What is required -
Drop every picture, then print the rest of the listing exactly as given.

Supplied data -
============

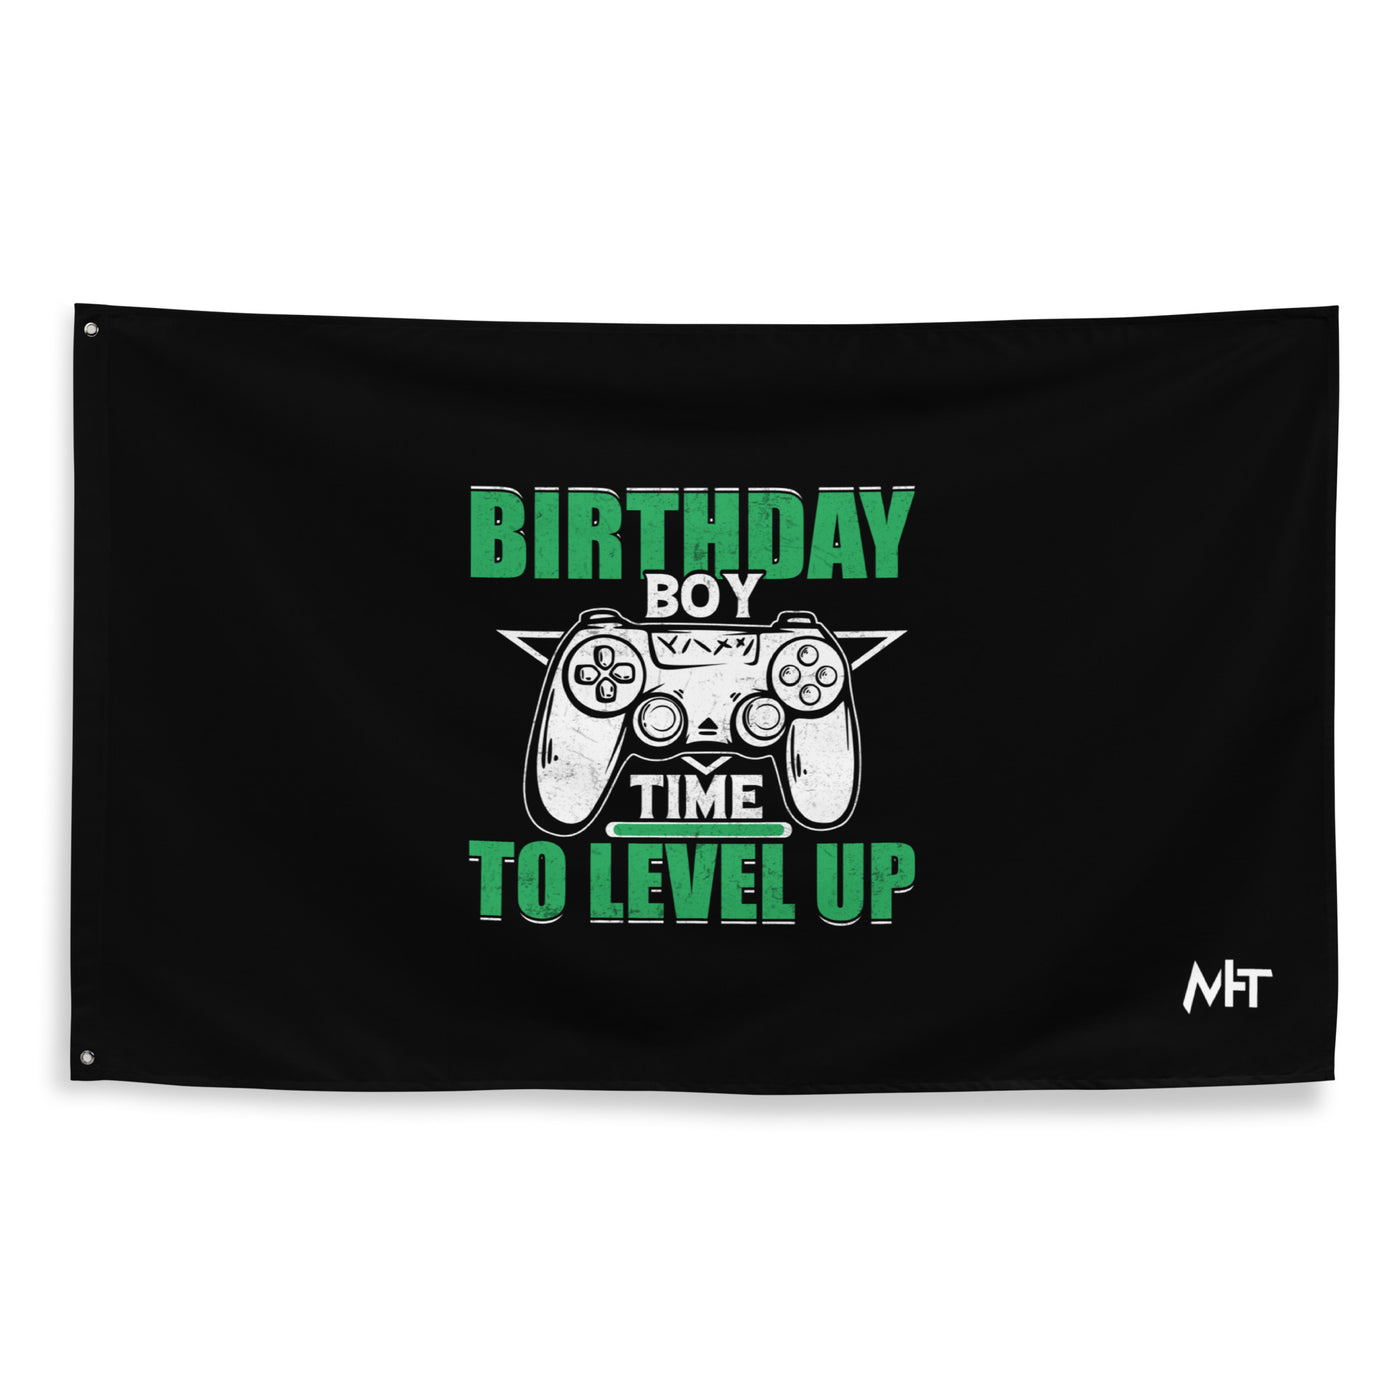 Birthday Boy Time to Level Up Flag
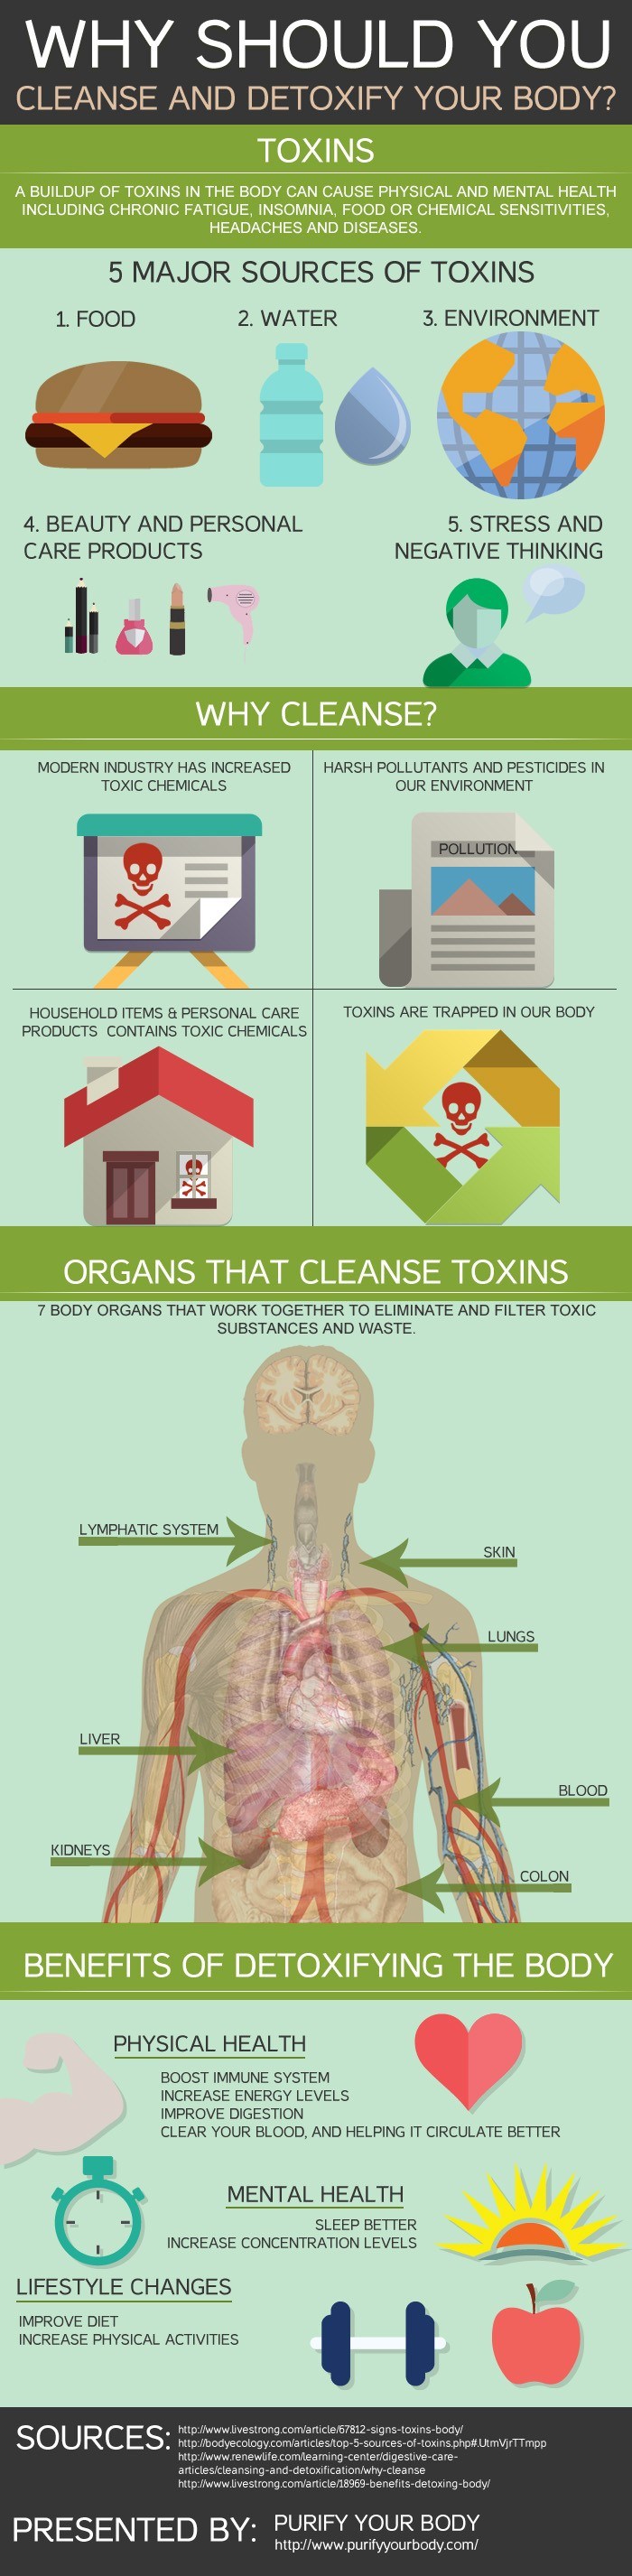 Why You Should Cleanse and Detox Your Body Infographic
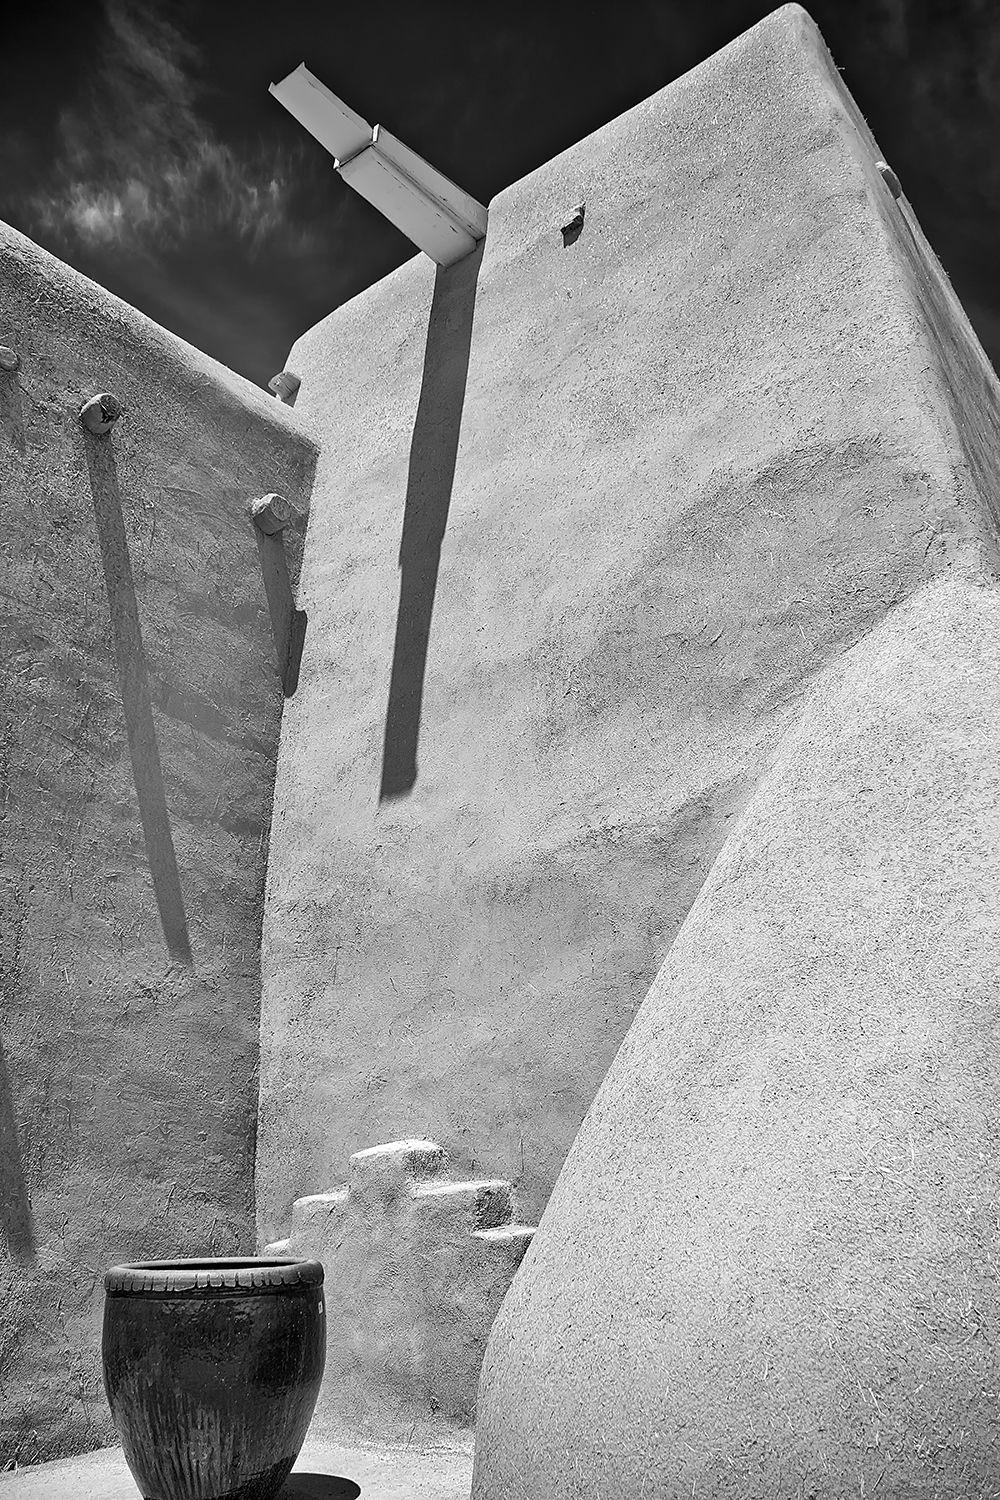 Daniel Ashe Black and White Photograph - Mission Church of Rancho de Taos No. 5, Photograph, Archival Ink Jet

============

Exercise answer -
 Birthday Boy Time to Level Up Flag
 Why You Should Cleanse and Detox Your Body Infographic
 Daniel Ashe Black and White Photograph - Mission Church of Rancho de Taos No. 5, Photograph, Archival Ink Jet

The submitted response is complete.